SHARJAH // There was a vague irony in a team of Irishmen being sent to Sharjah of all places over the St Patrick's Day weekend as part of their mission to qualify for the next World Cup.
The Ireland national cricket team are so professional these days, though, the only lack of lubrication that has worried them here has concerned wickets rather than whistles.
What has confronted them at the Sharjah Cricket Stadium during this tour has been nothing like the green, green grass of home.
They were probably expecting as much. Aaqib Javed, the UAE coach and former Pakistan bowler, says he has never seen a blade of grass on this wicket in 30 years of coming to Sharjah.
And there was certainly no reason to search for the fertiliser now just as Ireland were arriving. Quite the contrary: with a home bowling attack containing just one seam bowler, Kamran Shahzad, then the dustier the better for the UAE.
William Porterfield, Ireland's captain, said he hoped the groundsmen would be watering the batting surface ahead of Wednesday's second World Cricket League fixture. His wishes may well have gone unheeded, though.
"It might spin a bit more but we'll take whatever comes of it and we have to play better cricket at the end of the day," Porterfield said. "We did that [on Monday] to an extent but there are a lot of things we can improve on, in terms of application in the batting department."
The tourists have coped admirably with the alien conditions so far. They had the better of the four-day Intercontinental Cup tie last week and took another step towards qualifying for the World Cup with a five-wicket win on Monday.
Ireland, especially when they had the towering seamer Boyd Rankin in their attack, have traditionally found value in short-pitched pace bowling against UAE batsmen who are more used to facing slow bowlers. It is for that reason that the UAE opted to play these fixtures here. Sharjah is the lowest bouncing of all the international venues in this country.
When Nasir Aziz, the pocket-sized off-spinner, is bowling for example the bounce can sometimes seem subterranean.
"He is not a very tall bowler and he is not going to get much bounce anyway because of the pitch," Porterfield said of Aziz, who was the UAE's standout performer in taking three wickets on Monday. "That can make him pretty difficult to play."
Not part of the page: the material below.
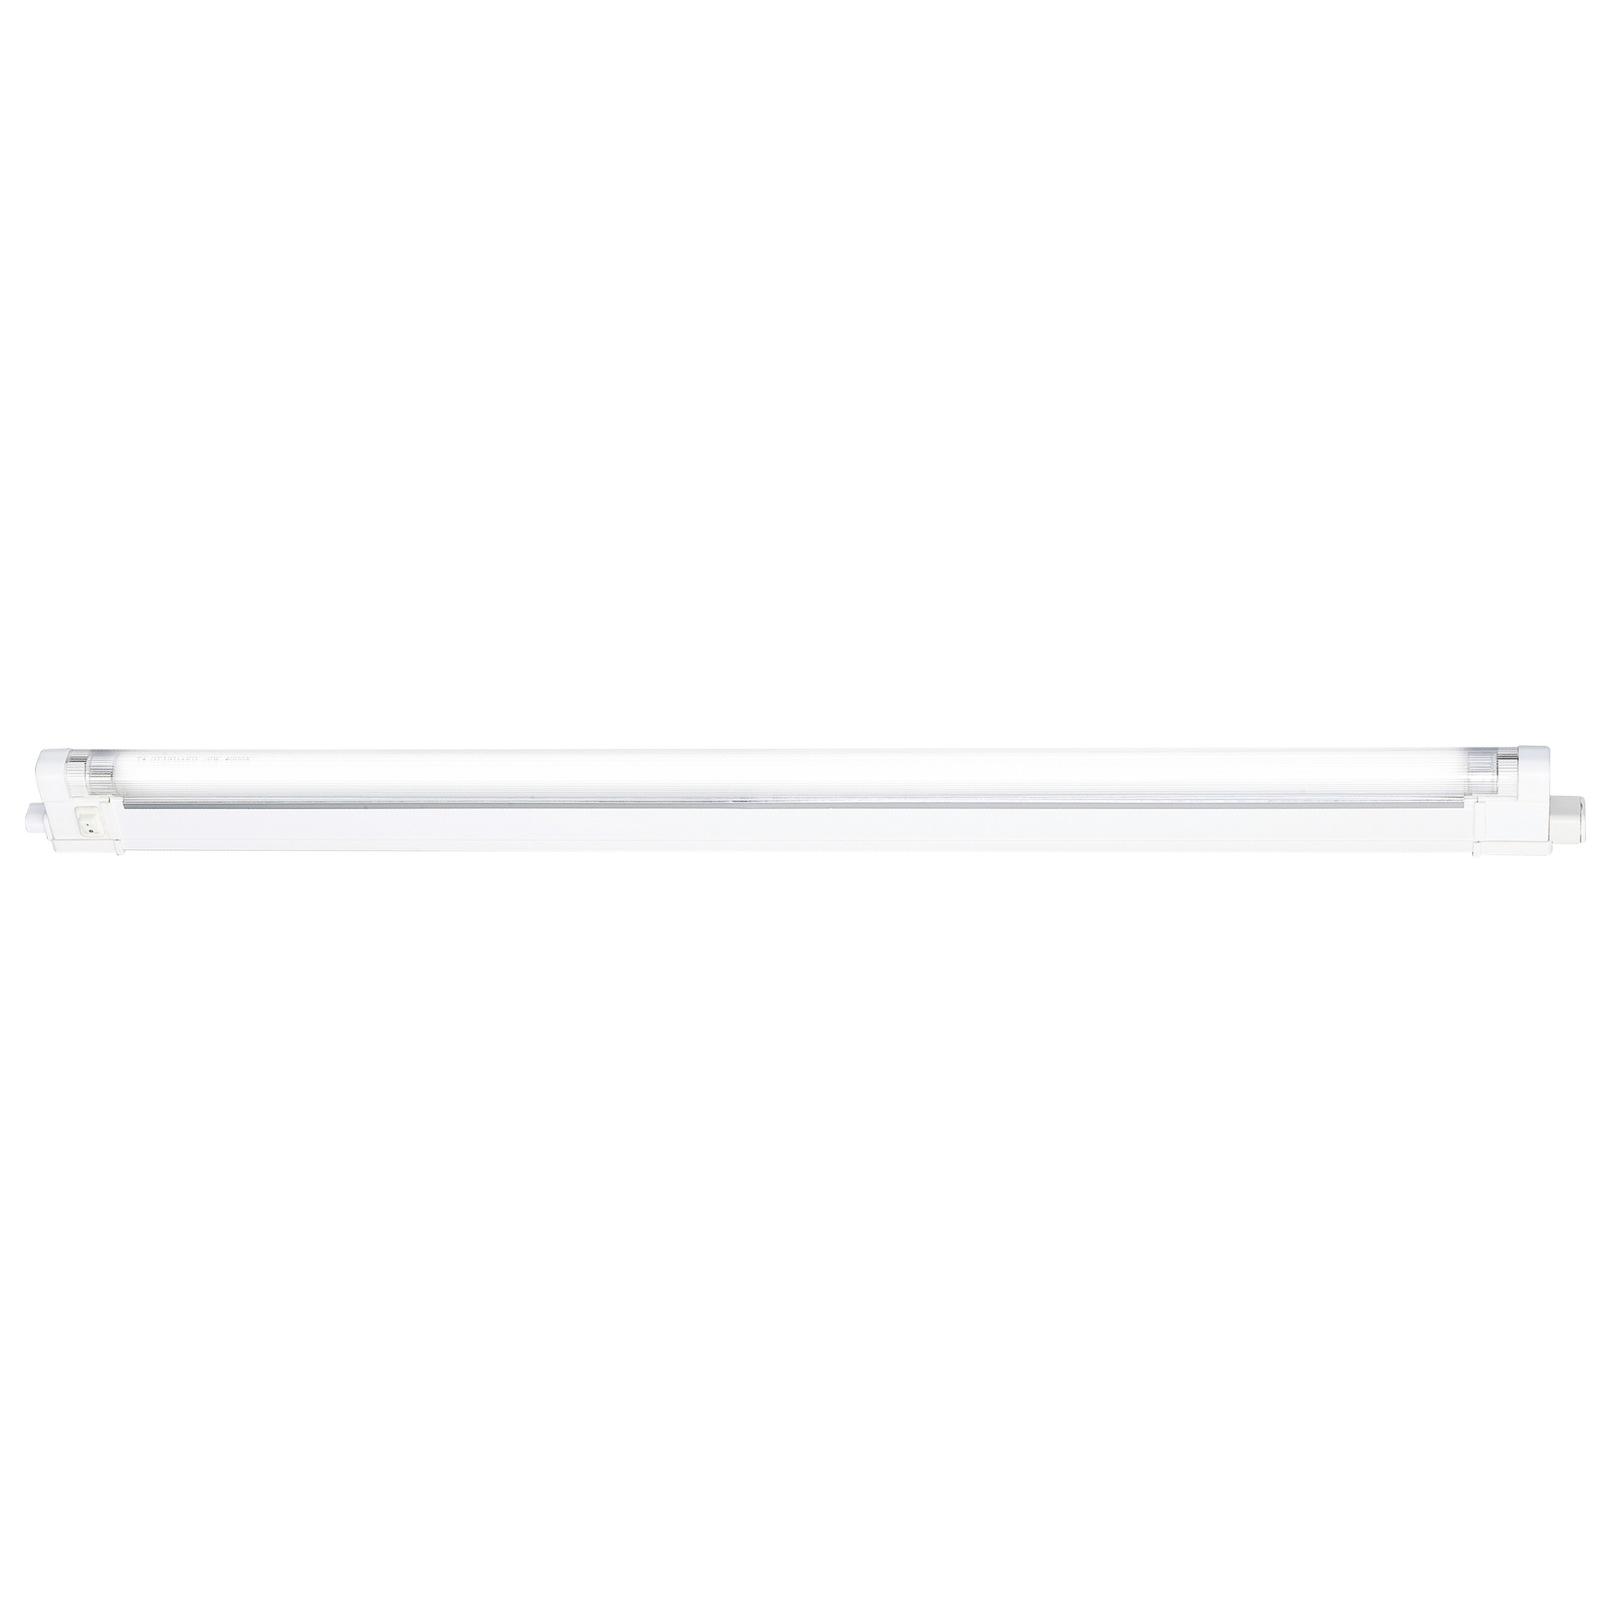 IP20 25W T4 Fluorescent Fitting With Tube, Switch And Diffuser 4000K - T425

Aziz sparkled on his return to the national team for the first time since 2011, confirming Aaqib's view that he can be a "trump card" for the national team.
"I love to bowl against good players," Aziz said. "These are big players and bowling against them is a real test. Because they are good players you have to think a lot."
Aziz accounted for three experienced professionals in Porterfield, Ed Joyce and Kevin O'Brien, and the variety he has at his disposal clearly discomforted the tourists.
"I didn't have too much trouble reading him to be honest but playing him is a different matter," said Gary Wilson, the Surrey batsman who was Ireland's match winner on Monday. "He has the doosra but it is quite easy to see out of the hand. He bowled all right but if we had a better start maybe he wouldn't have had those figures."